• **About this task**: In the listing that follows, find the line with "Organic DECAF K", then copy exactly from it through the line with "NNHMN - Shadows In The Dark (LP; 2020)", leaving out every picture.

• **Record set**:

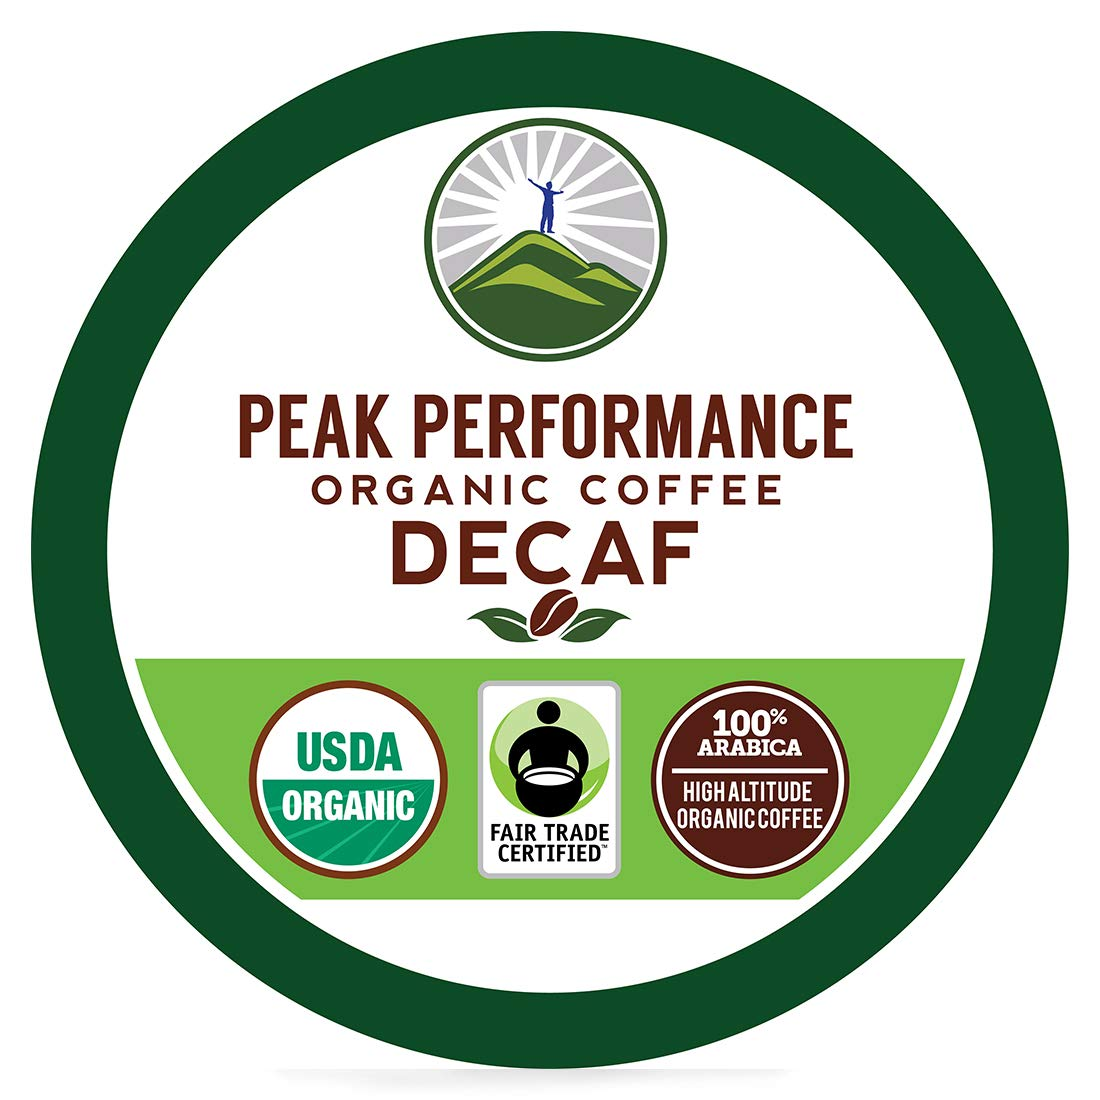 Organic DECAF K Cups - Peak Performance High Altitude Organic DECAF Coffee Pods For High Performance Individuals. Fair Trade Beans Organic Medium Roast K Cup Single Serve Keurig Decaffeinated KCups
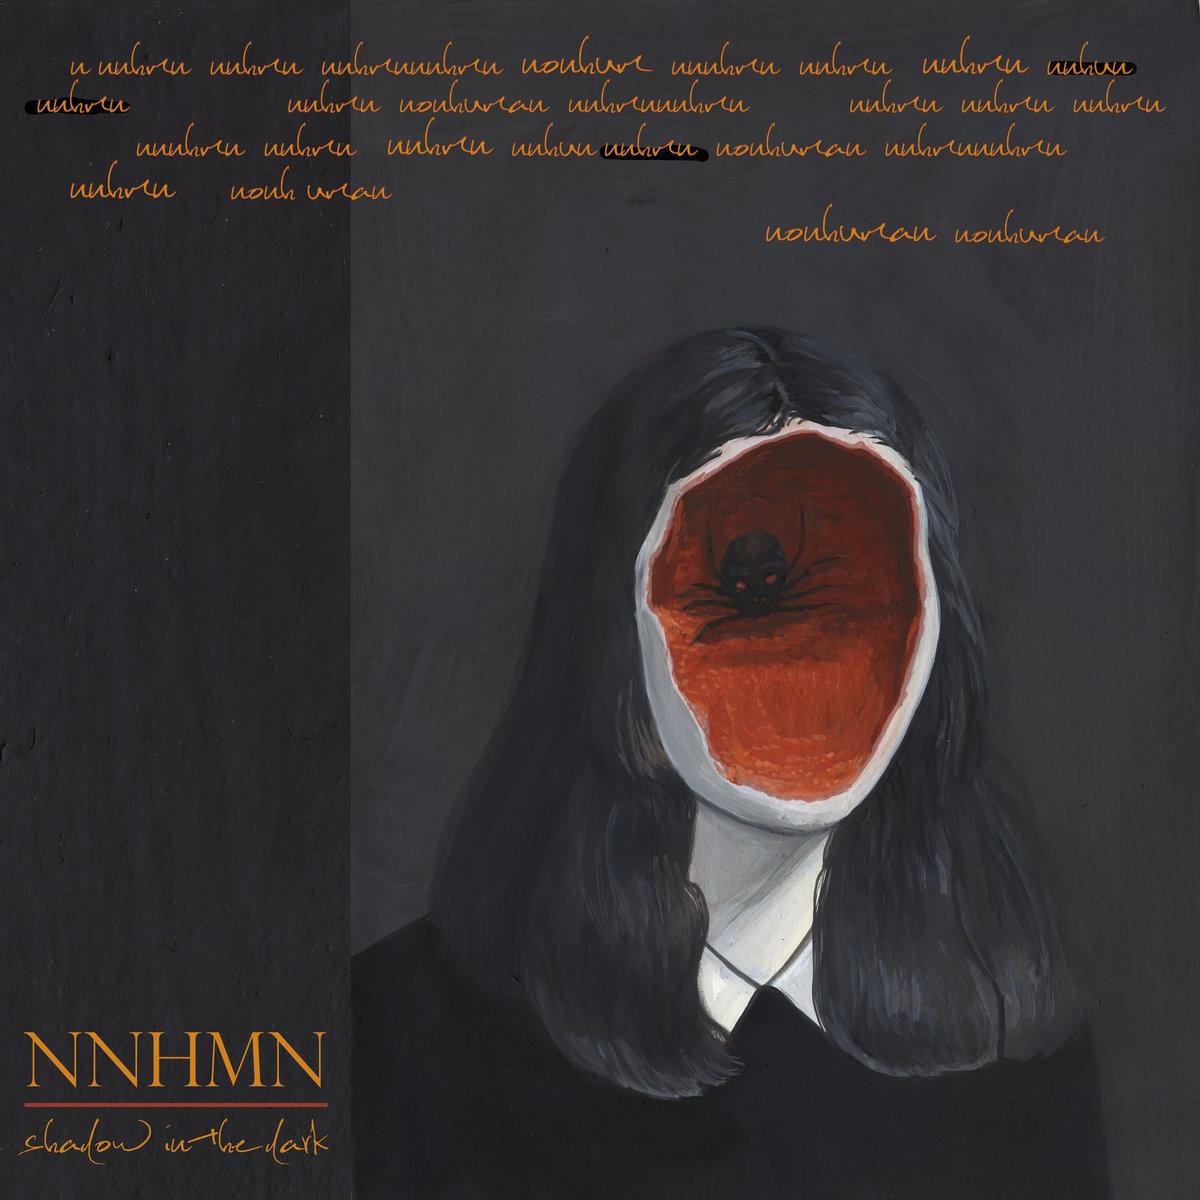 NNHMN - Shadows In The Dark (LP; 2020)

...

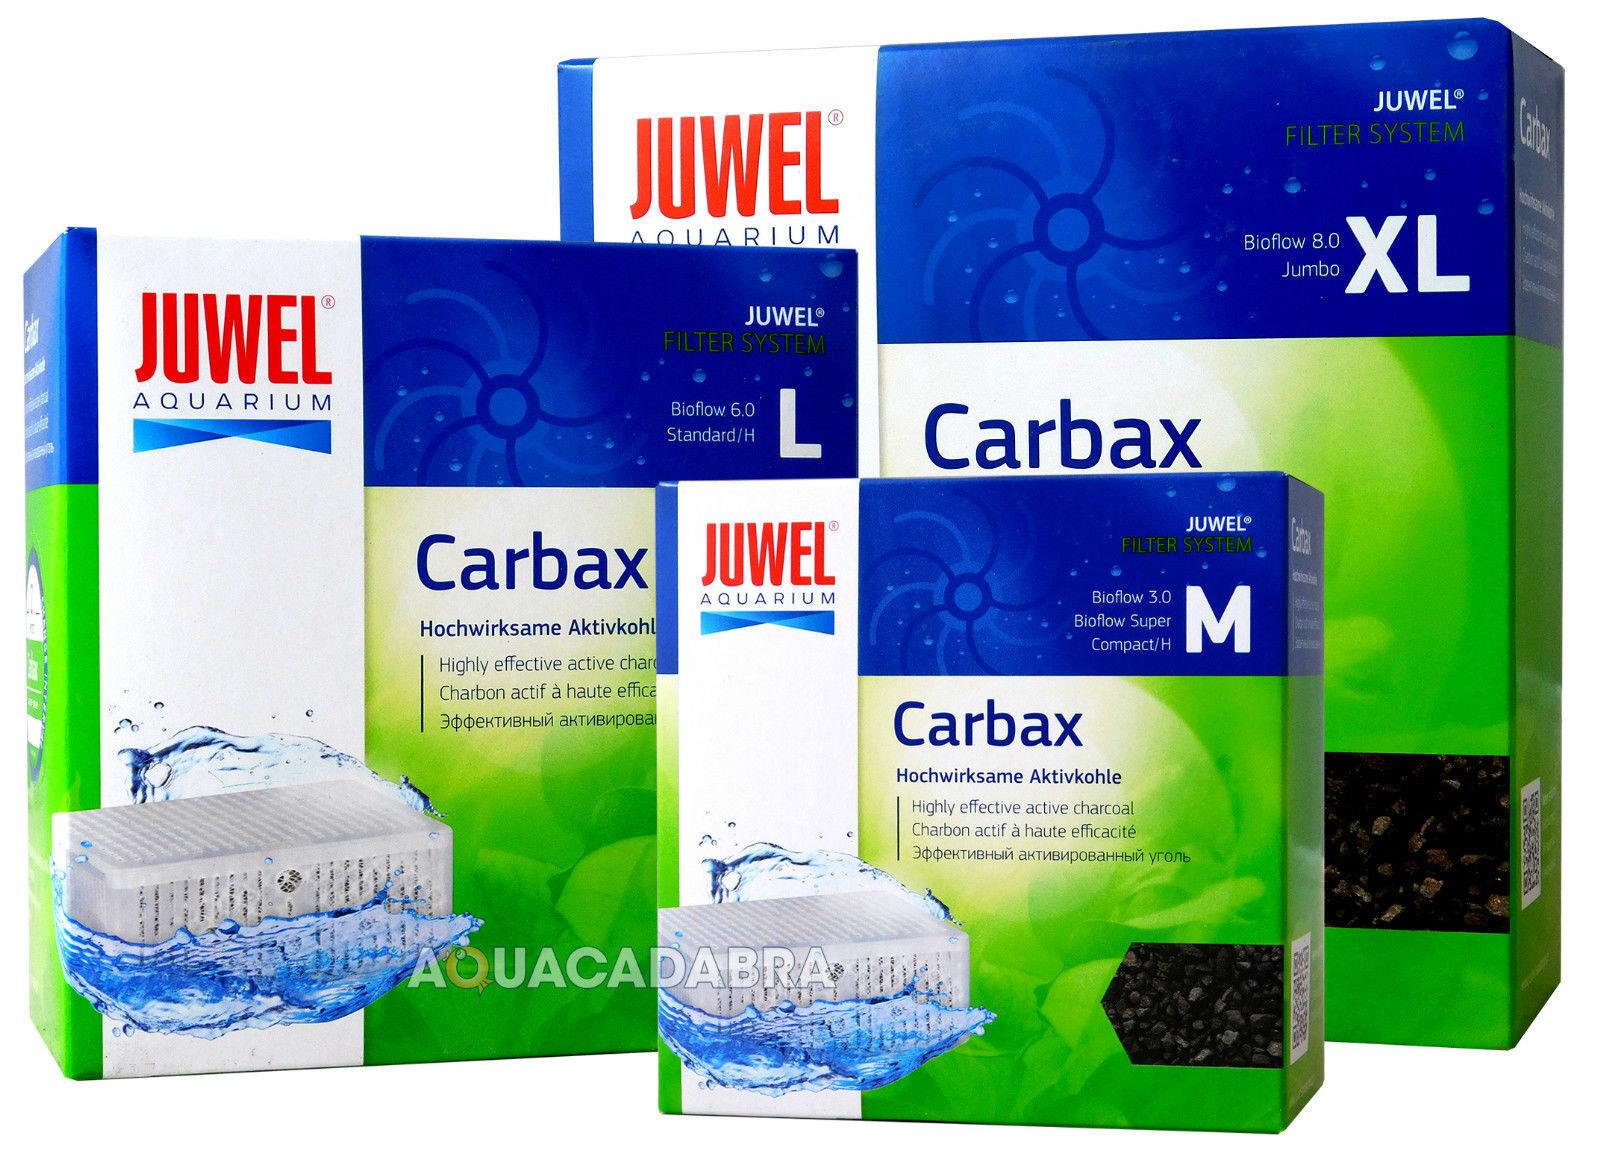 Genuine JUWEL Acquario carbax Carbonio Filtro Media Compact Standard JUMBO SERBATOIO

• **Answer section**:
 Organic DECAF K Cups - Peak Performance High Altitude Organic DECAF Coffee Pods For High Performance Individuals. Fair Trade Beans Organic Medium Roast K Cup Single Serve Keurig Decaffeinated KCups
 NNHMN - Shadows In The Dark (LP; 2020)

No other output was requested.